(YOUR TASK): Find the line with "Cata Coll, sonriente" in the entries below, then output every line from it down to the line with "Tennis ATP Australian", exactly and with no pictures.

(WORKING DATA):
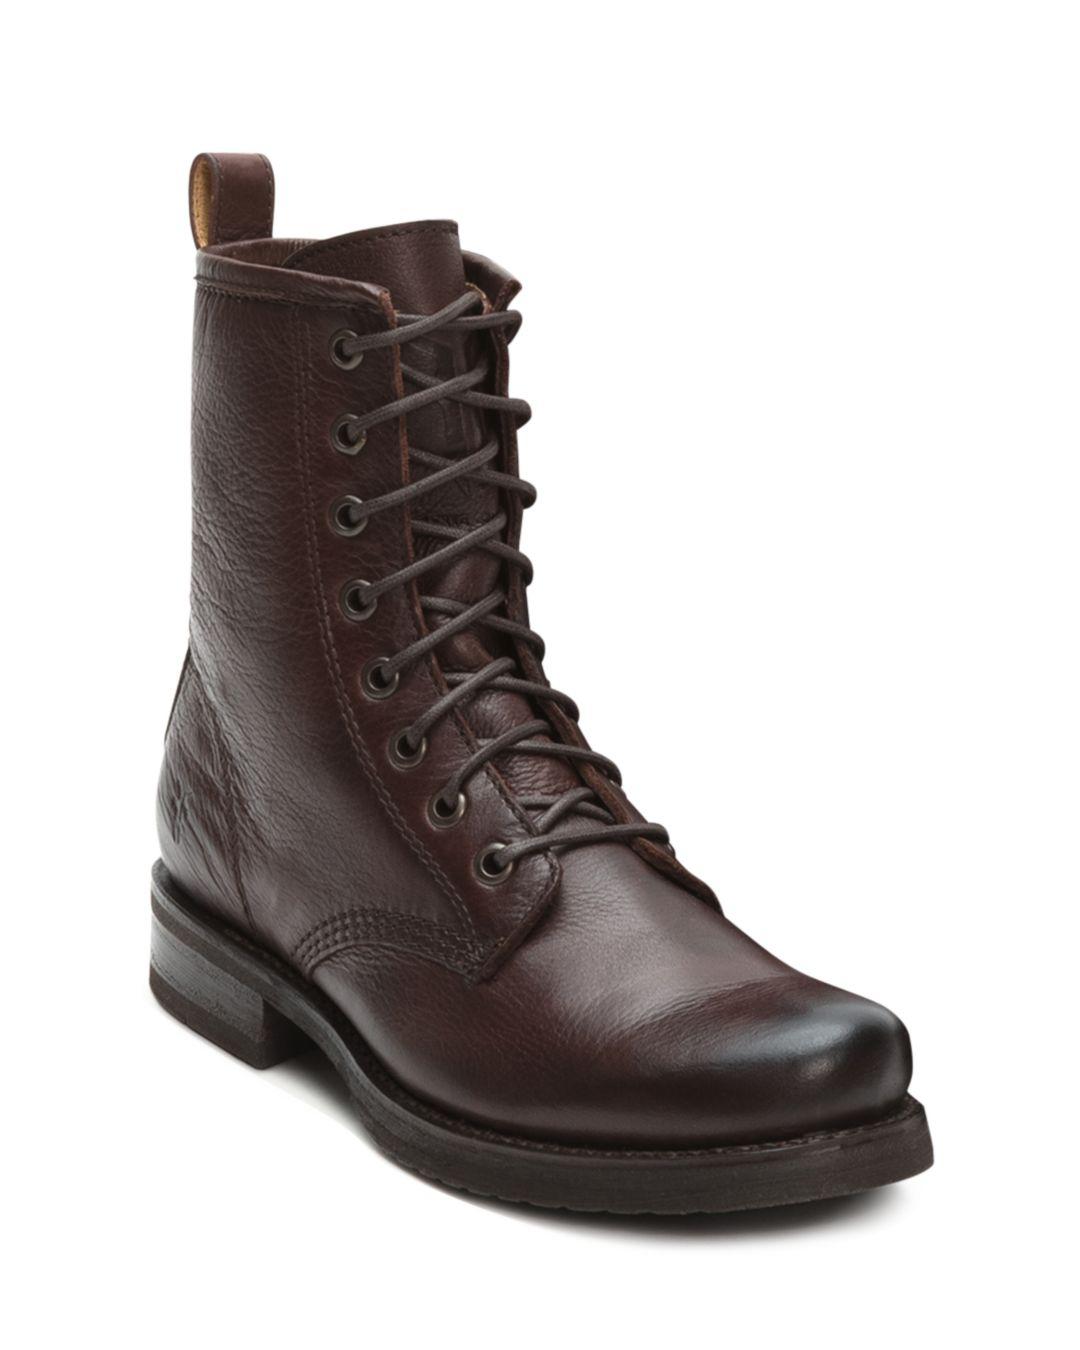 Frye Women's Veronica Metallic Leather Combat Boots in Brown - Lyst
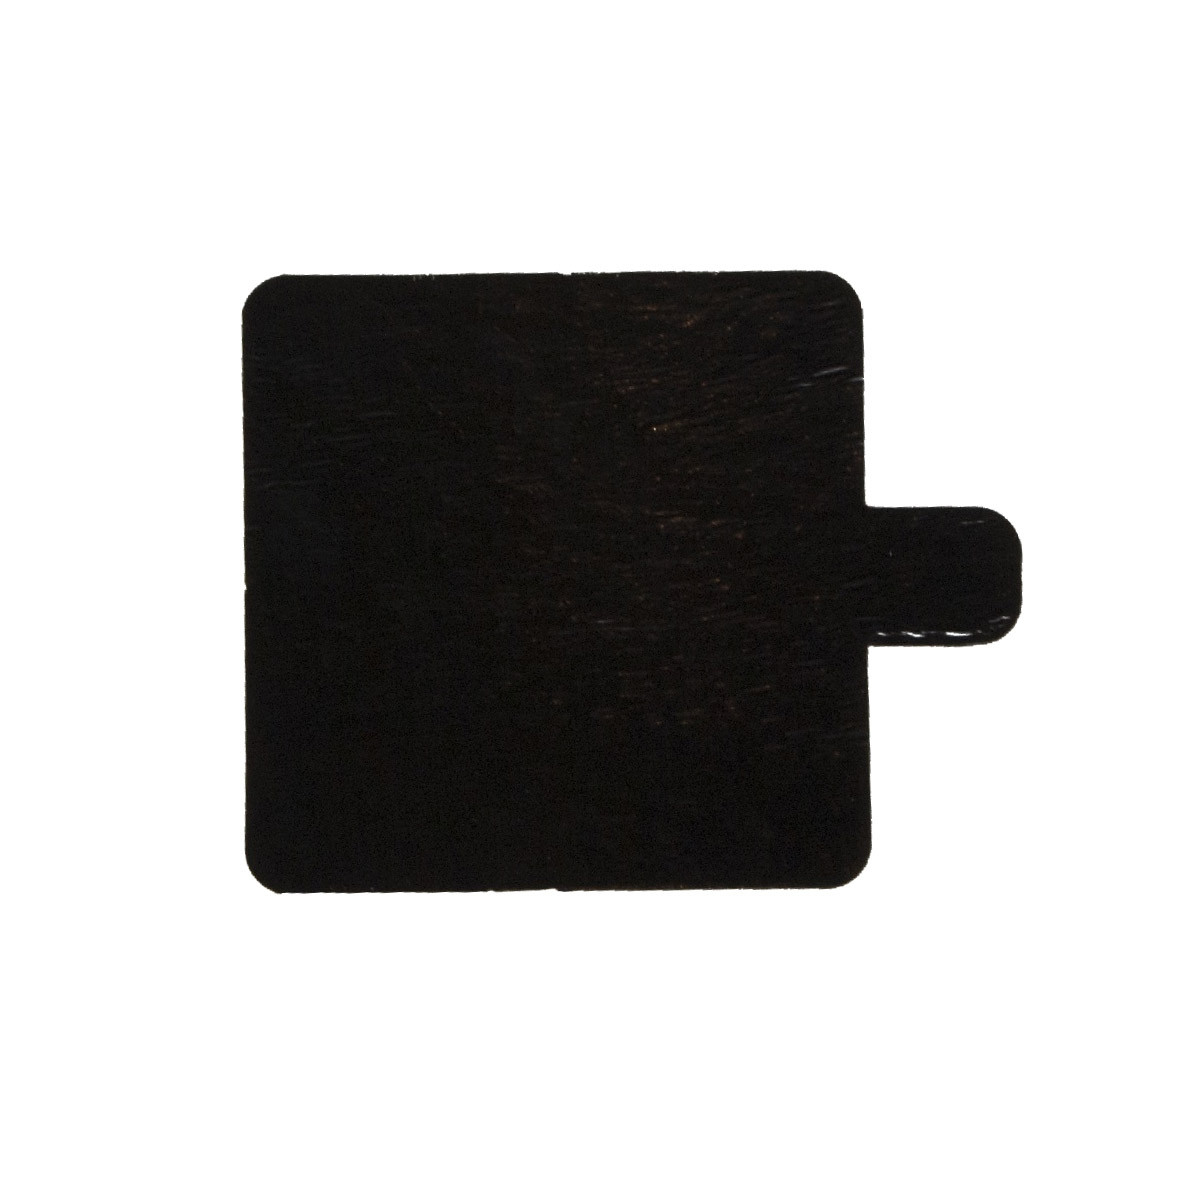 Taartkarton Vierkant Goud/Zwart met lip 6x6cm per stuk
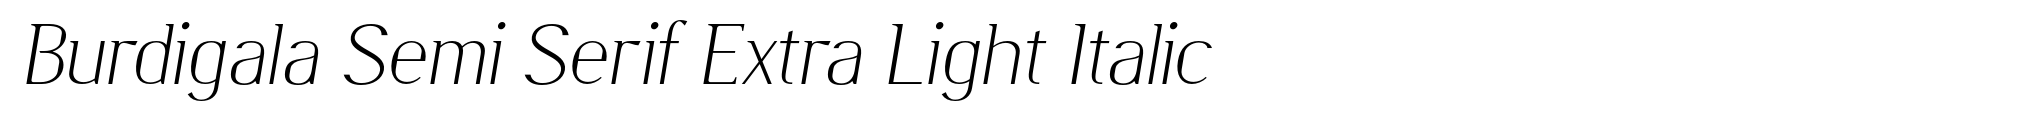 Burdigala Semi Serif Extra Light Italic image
--
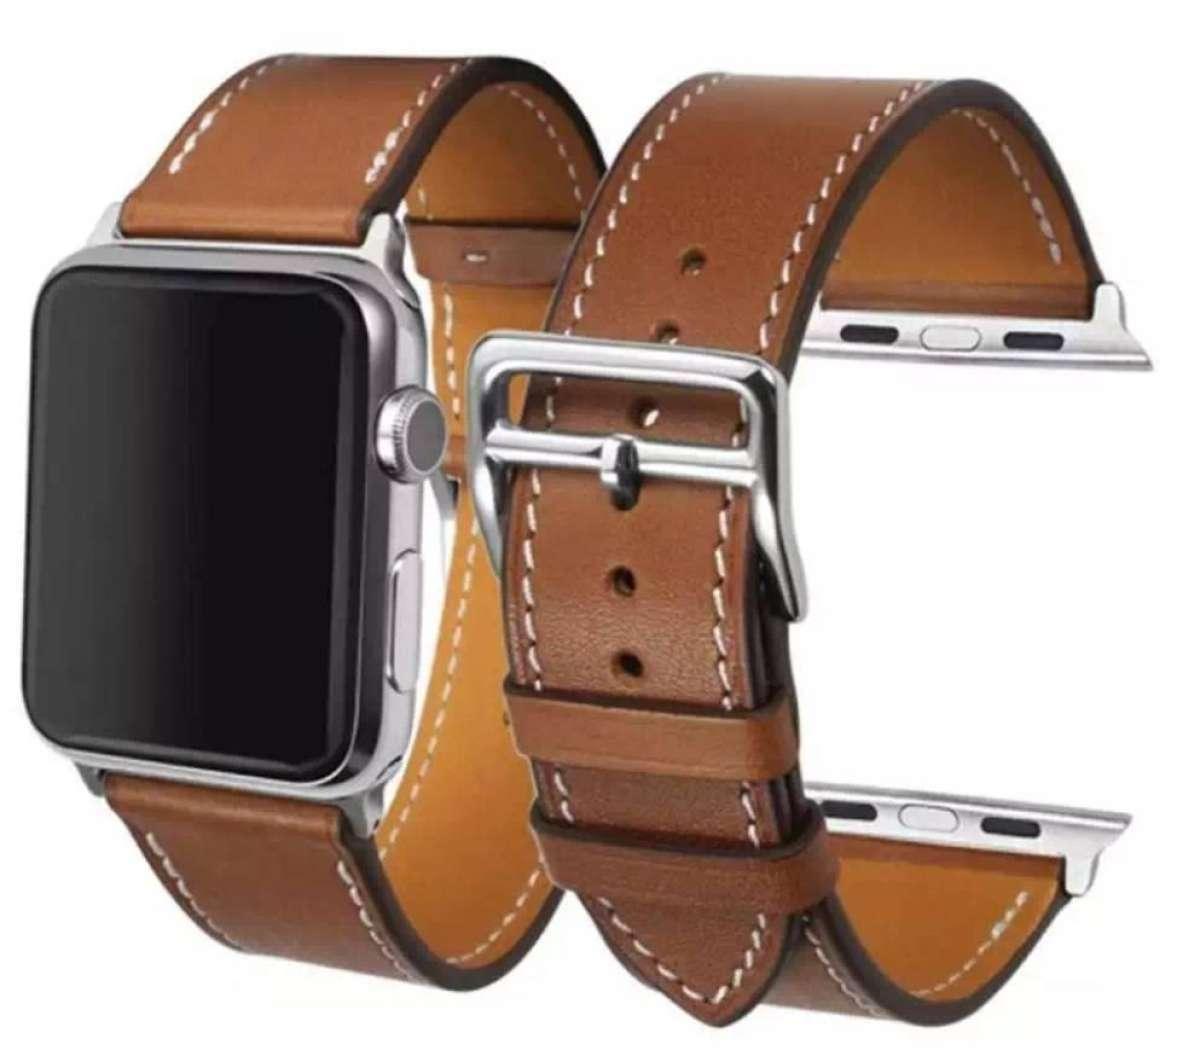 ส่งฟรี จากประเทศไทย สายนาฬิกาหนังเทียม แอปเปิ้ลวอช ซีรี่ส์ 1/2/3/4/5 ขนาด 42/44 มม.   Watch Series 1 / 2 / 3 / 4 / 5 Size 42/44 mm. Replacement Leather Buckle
---
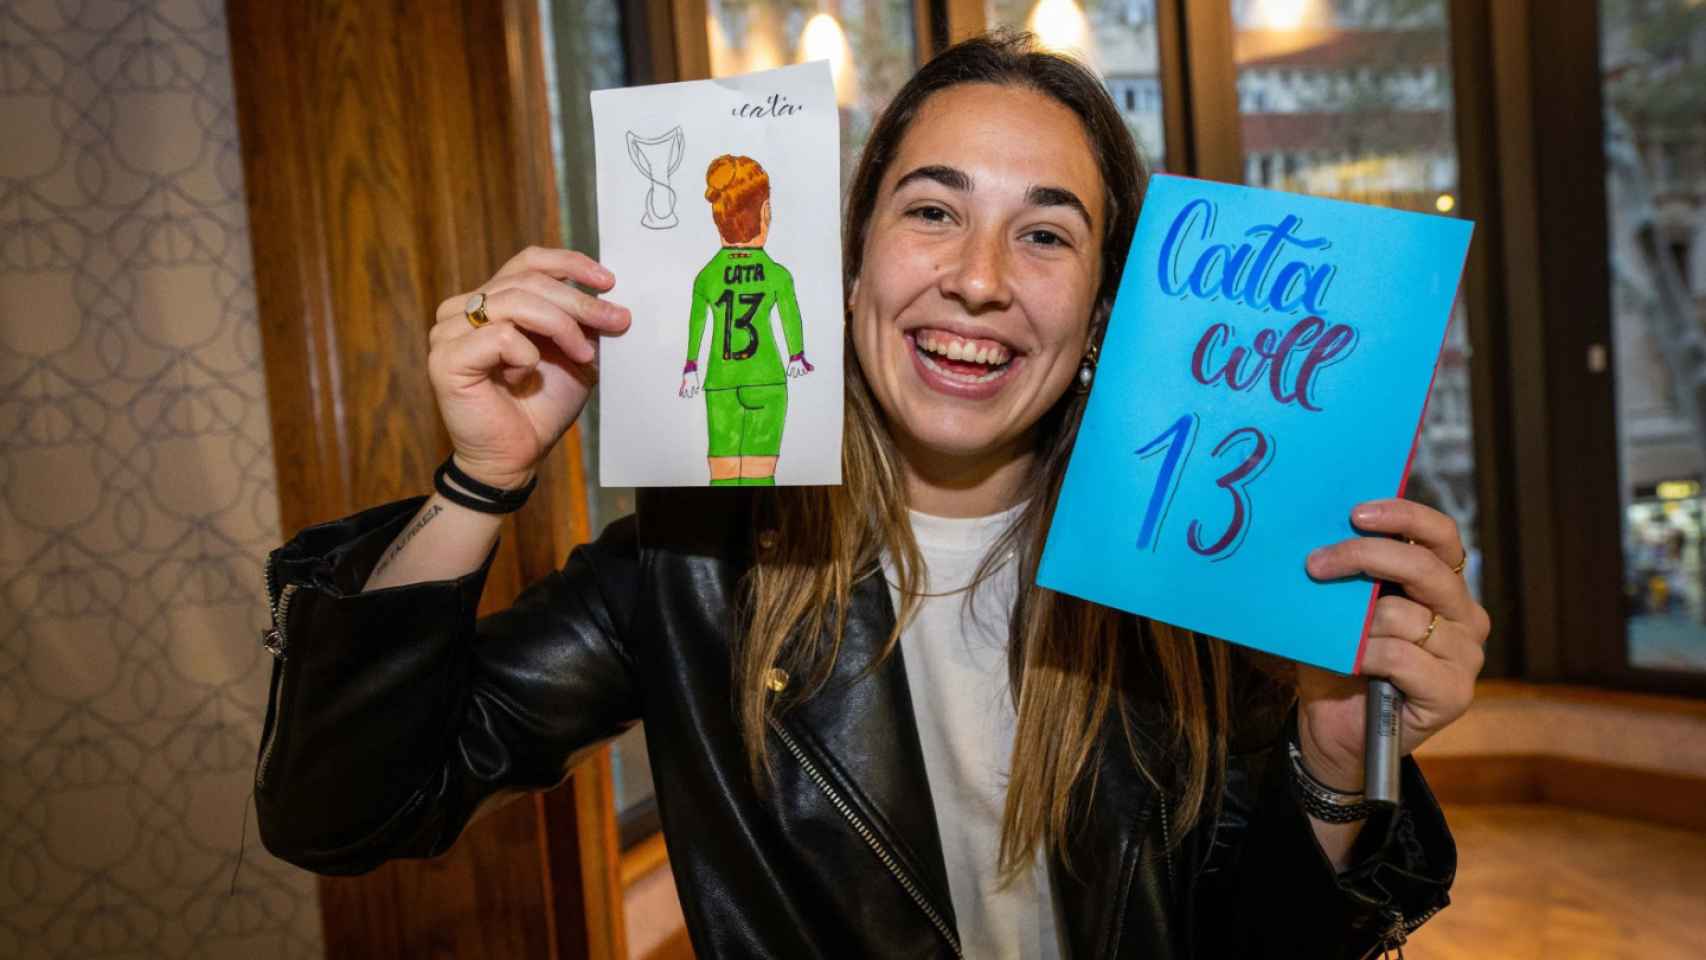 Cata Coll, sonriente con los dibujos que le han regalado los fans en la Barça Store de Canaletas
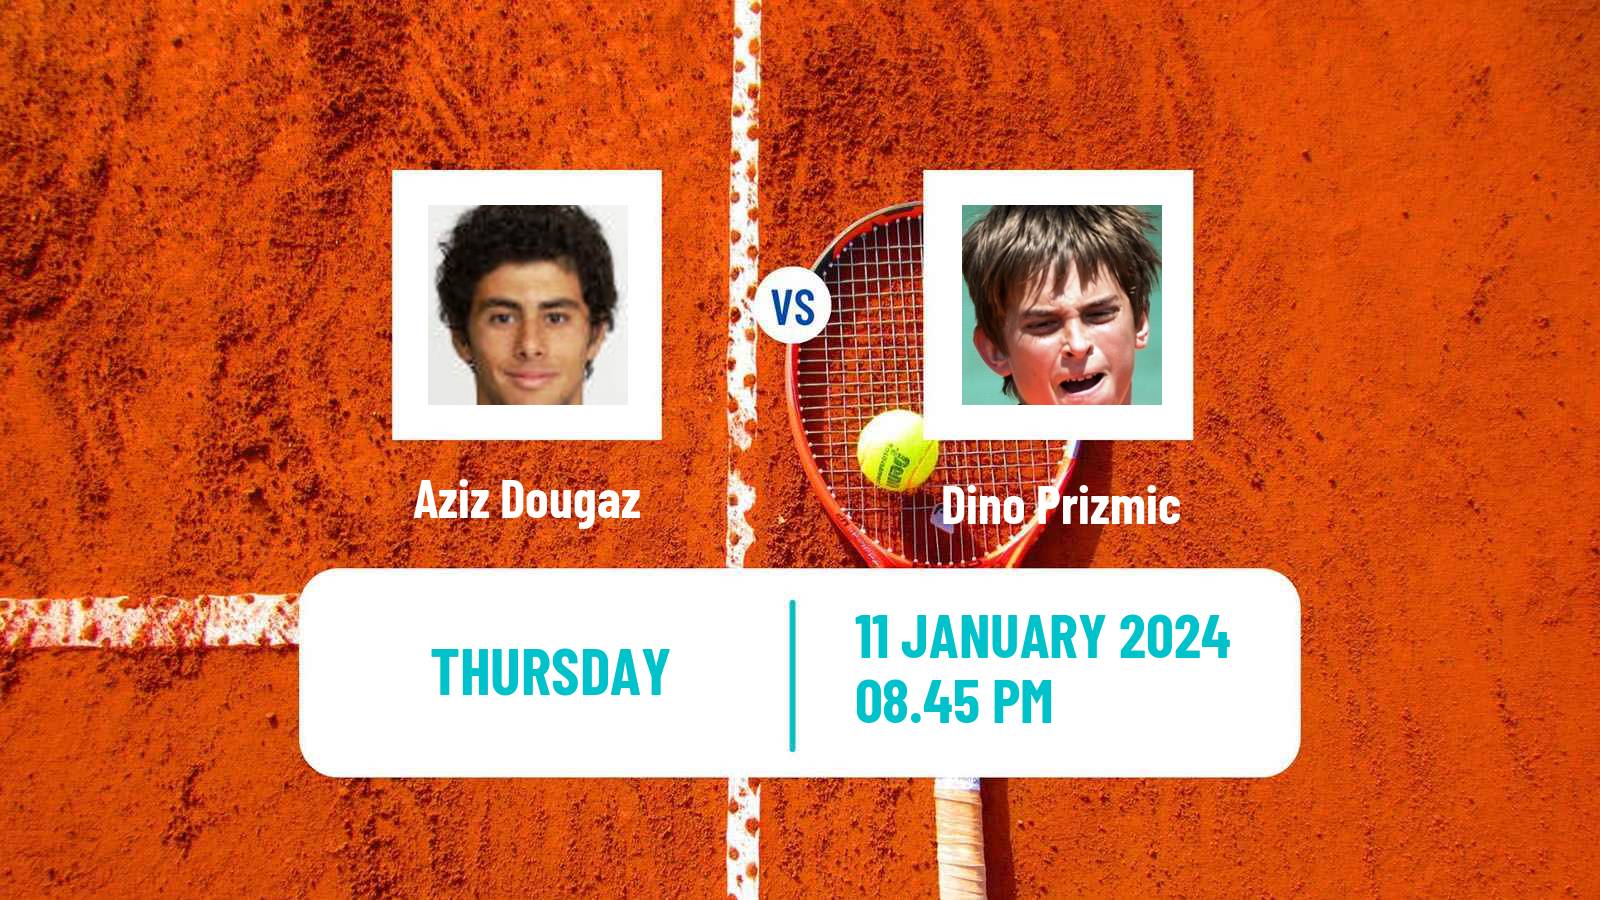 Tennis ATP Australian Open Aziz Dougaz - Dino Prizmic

(RESPONSE):
 Cata Coll, sonriente con los dibujos que le han regalado los fans en la Barça Store de Canaletas
 Tennis ATP Australian Open Aziz Dougaz - Dino Prizmic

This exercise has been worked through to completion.